DATASET EXTRACT –
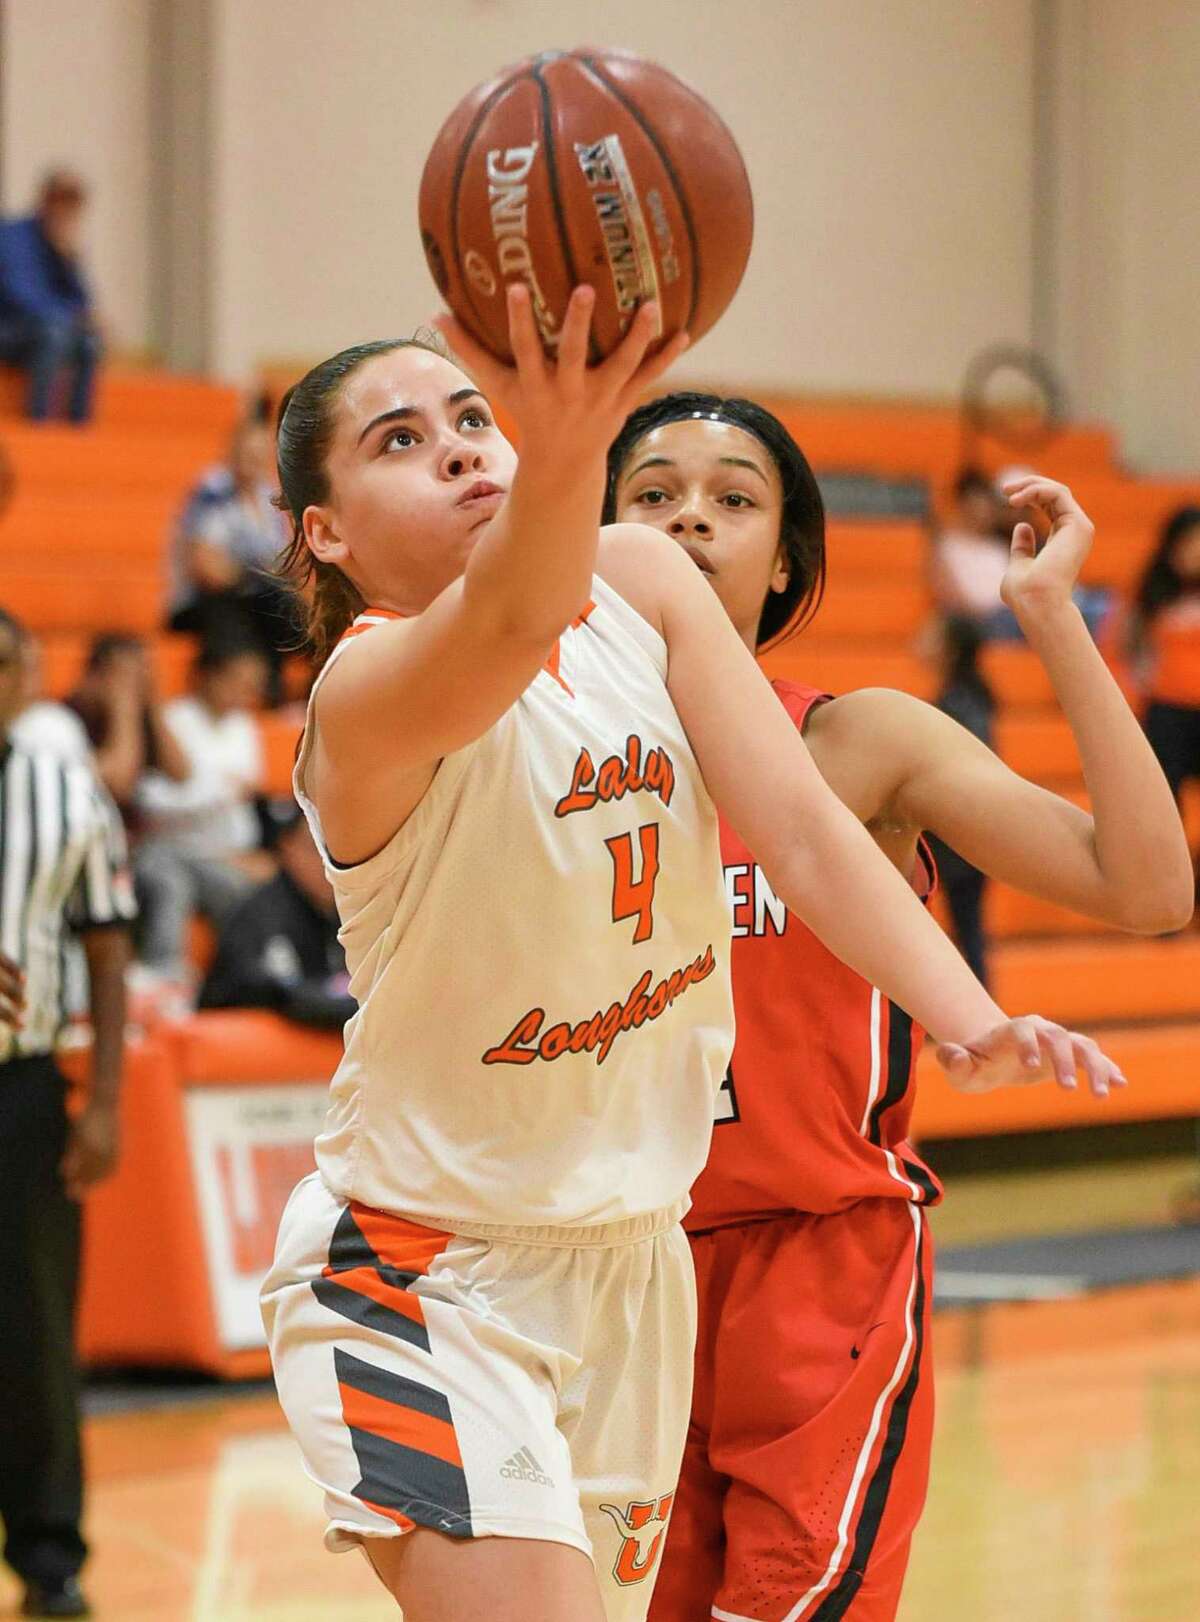 Evelyn Quiroz averaged 13 points, 5 rebounds, 2.5 assists and 2.6 steals per game in her senior season at United.
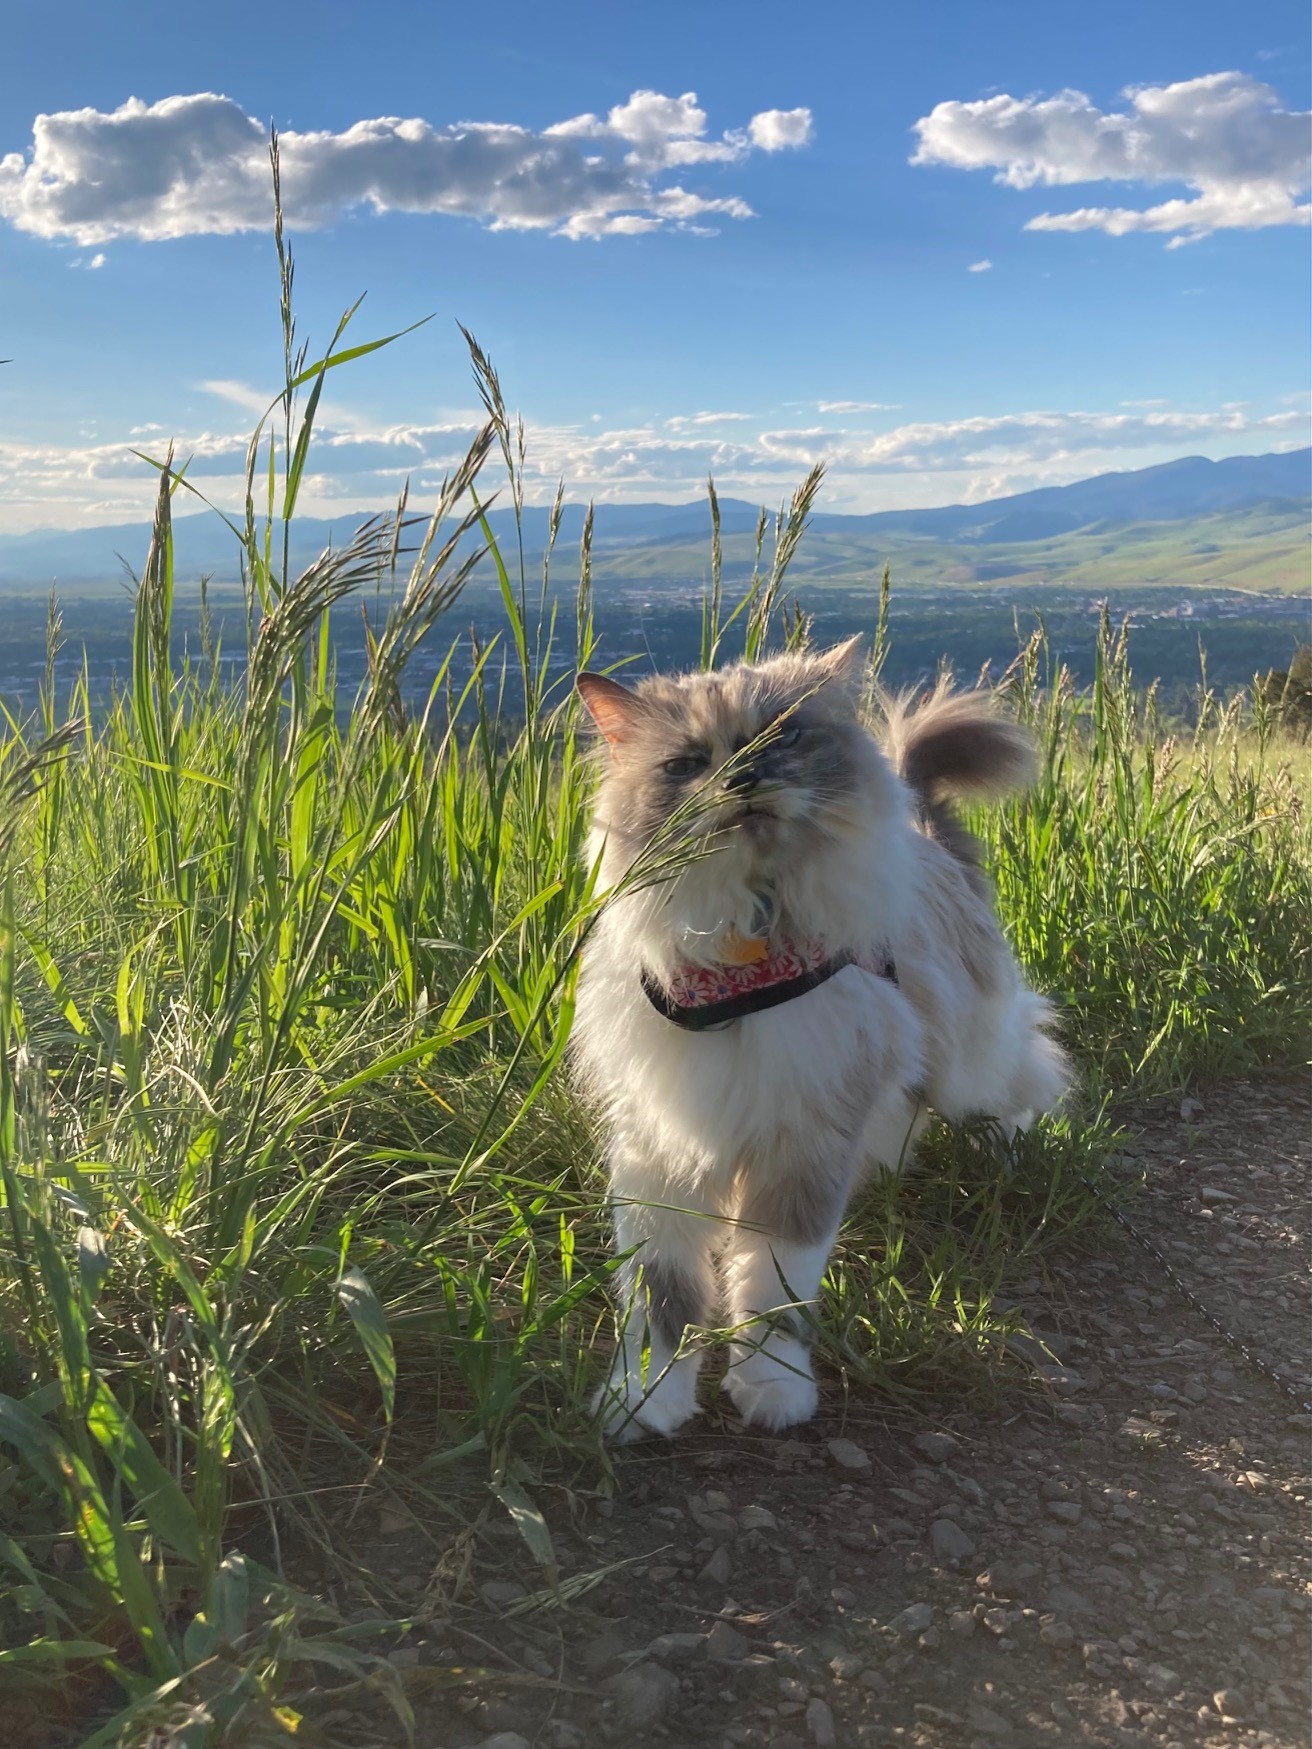 A fluffy white cat prepares to eat green grass along the trail
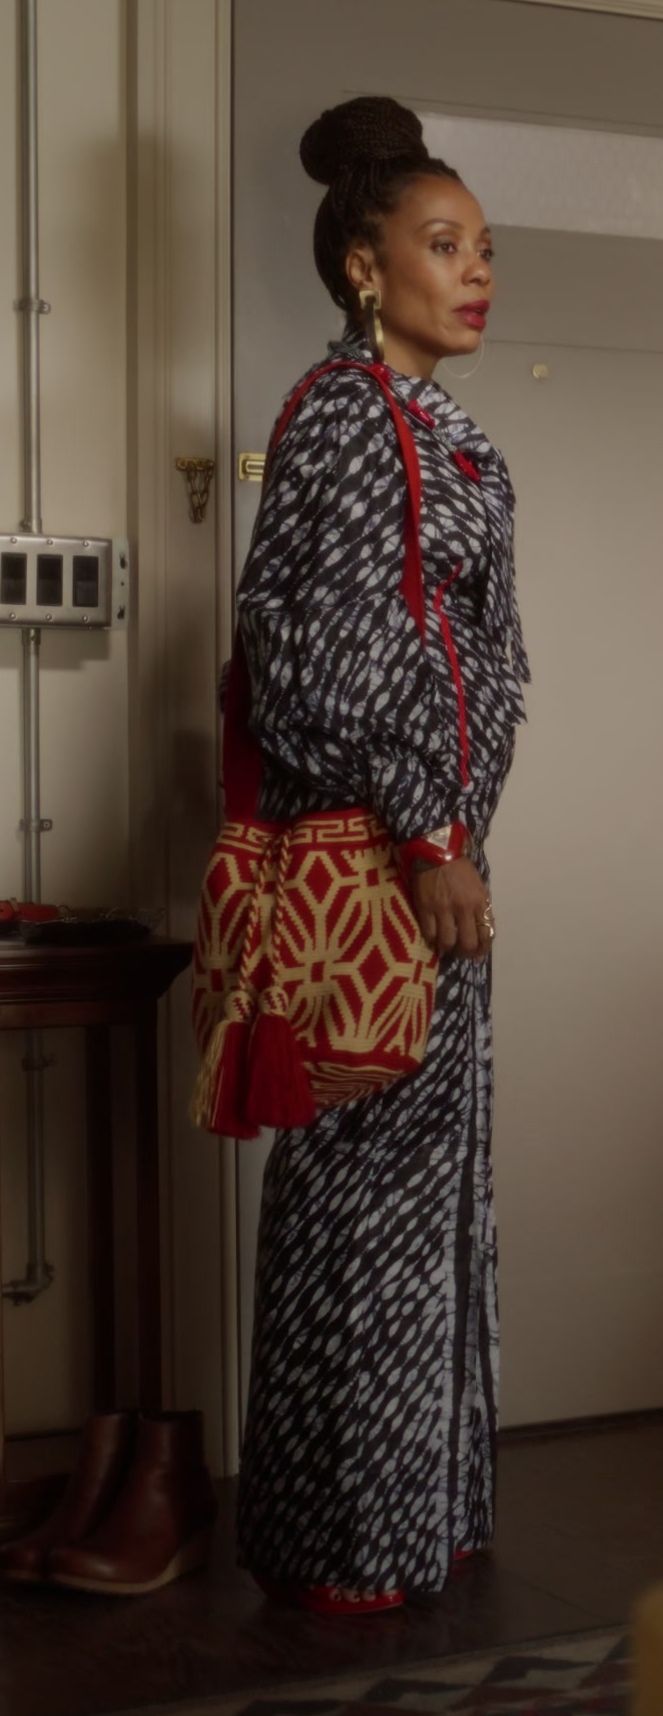 Worn on And Just Like That... TV Show - Mochila Bag of Karen Pittman as Dr. Nya Wallace
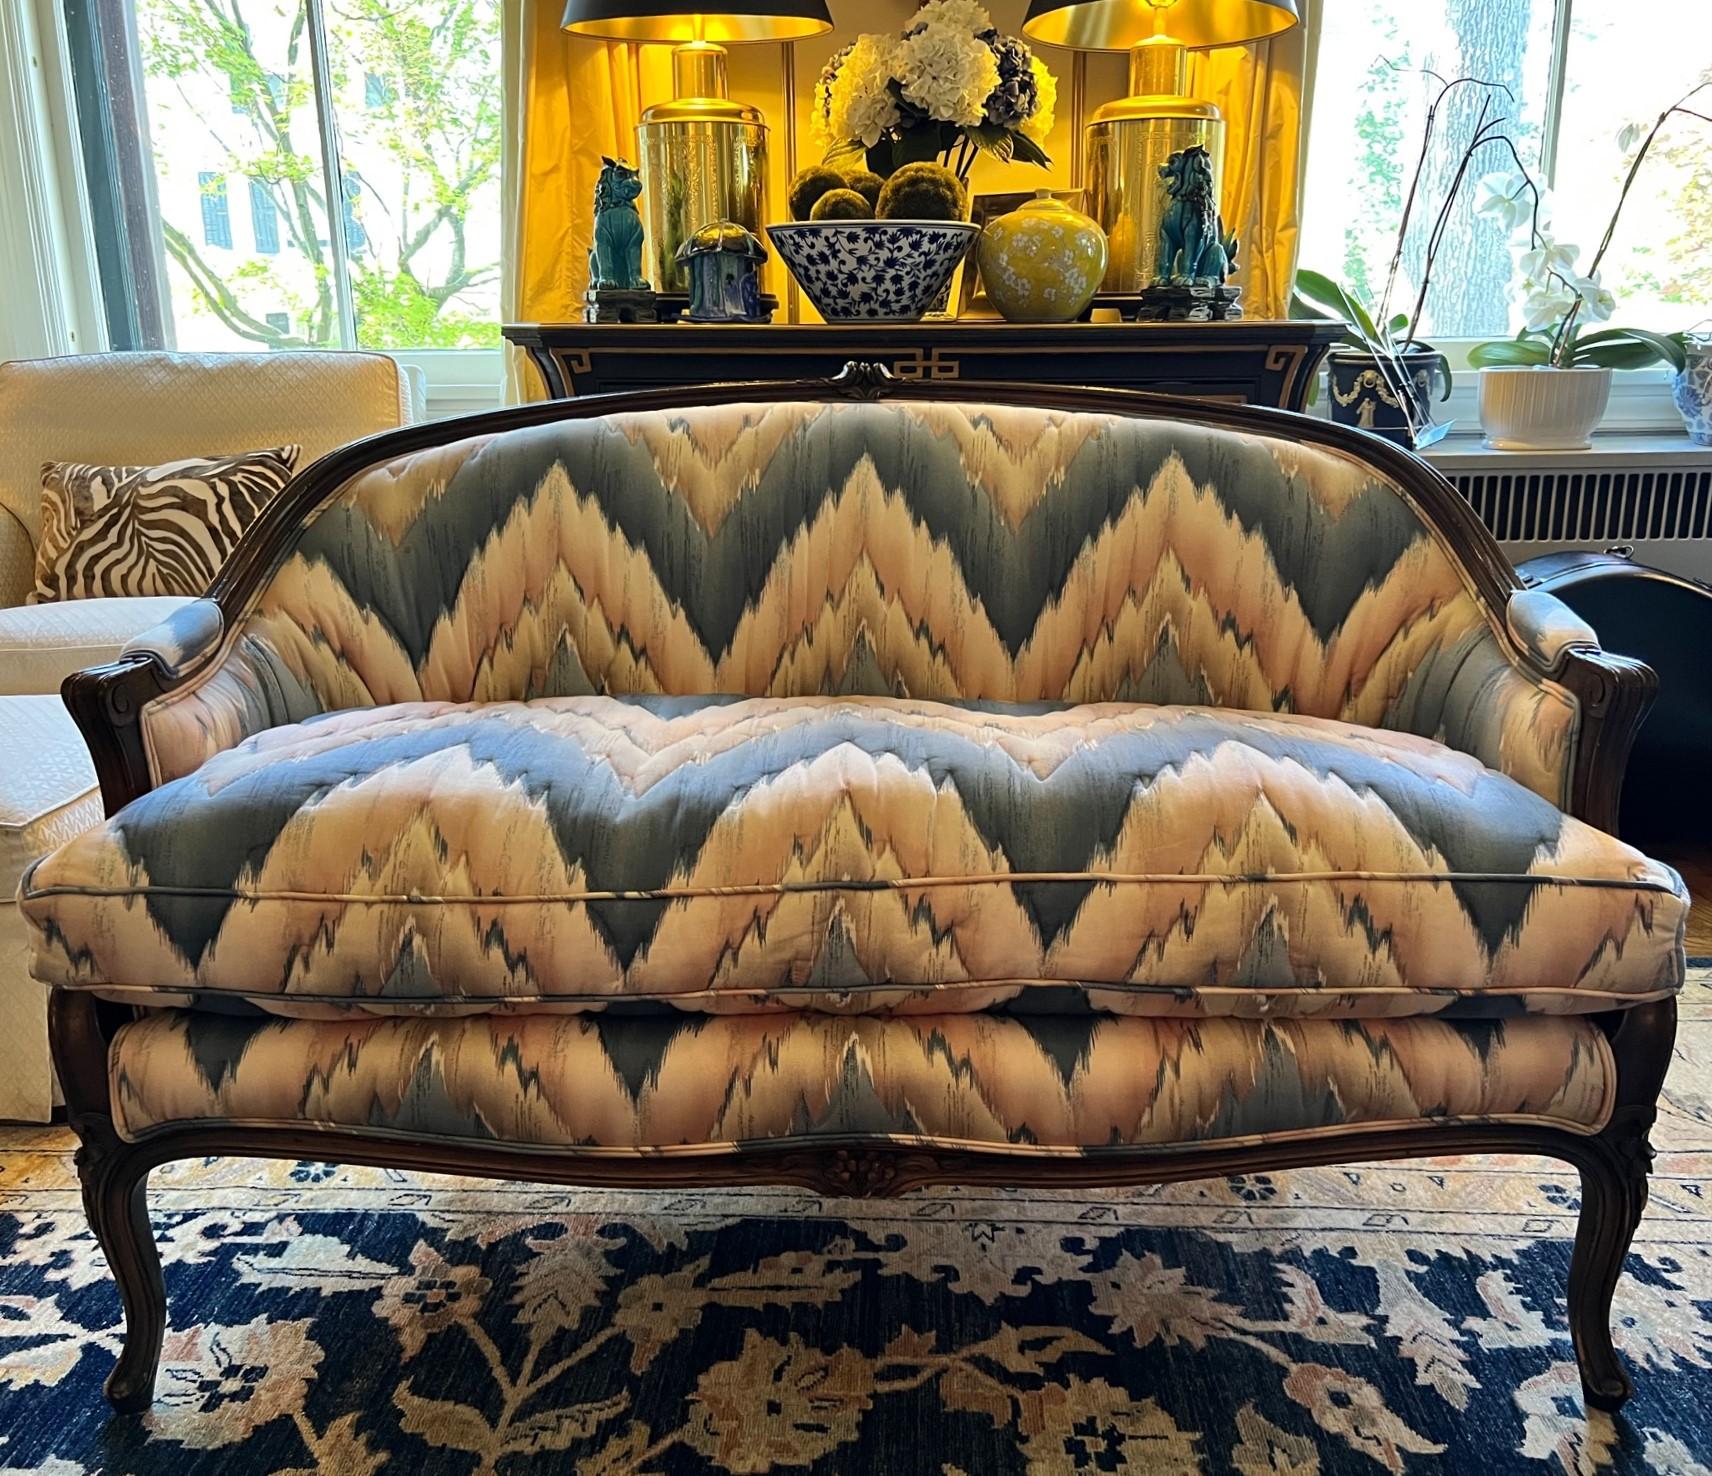 A vintage Louis XV style curved settee with carved wood details. The sofa was upholstered in 1970 in flamestitch cotton fabric in a blue and peach colorway. The fabric has been hand quilted following the contours of the flamestitch pattern. The seat

PROMPT – All lines from the beginning of the material through the line that holds "Worn on And", both included, should be returned exactly; please omit any pictures and add no other lines.

RESPONSE AREA –
 Evelyn Quiroz averaged 13 points, 5 rebounds, 2.5 assists and 2.6 steals per game in her senior season at United.
 A fluffy white cat prepares to eat green grass along the trail
 Worn on And Just Like That... TV Show - Mochila Bag of Karen Pittman as Dr. Nya Wallace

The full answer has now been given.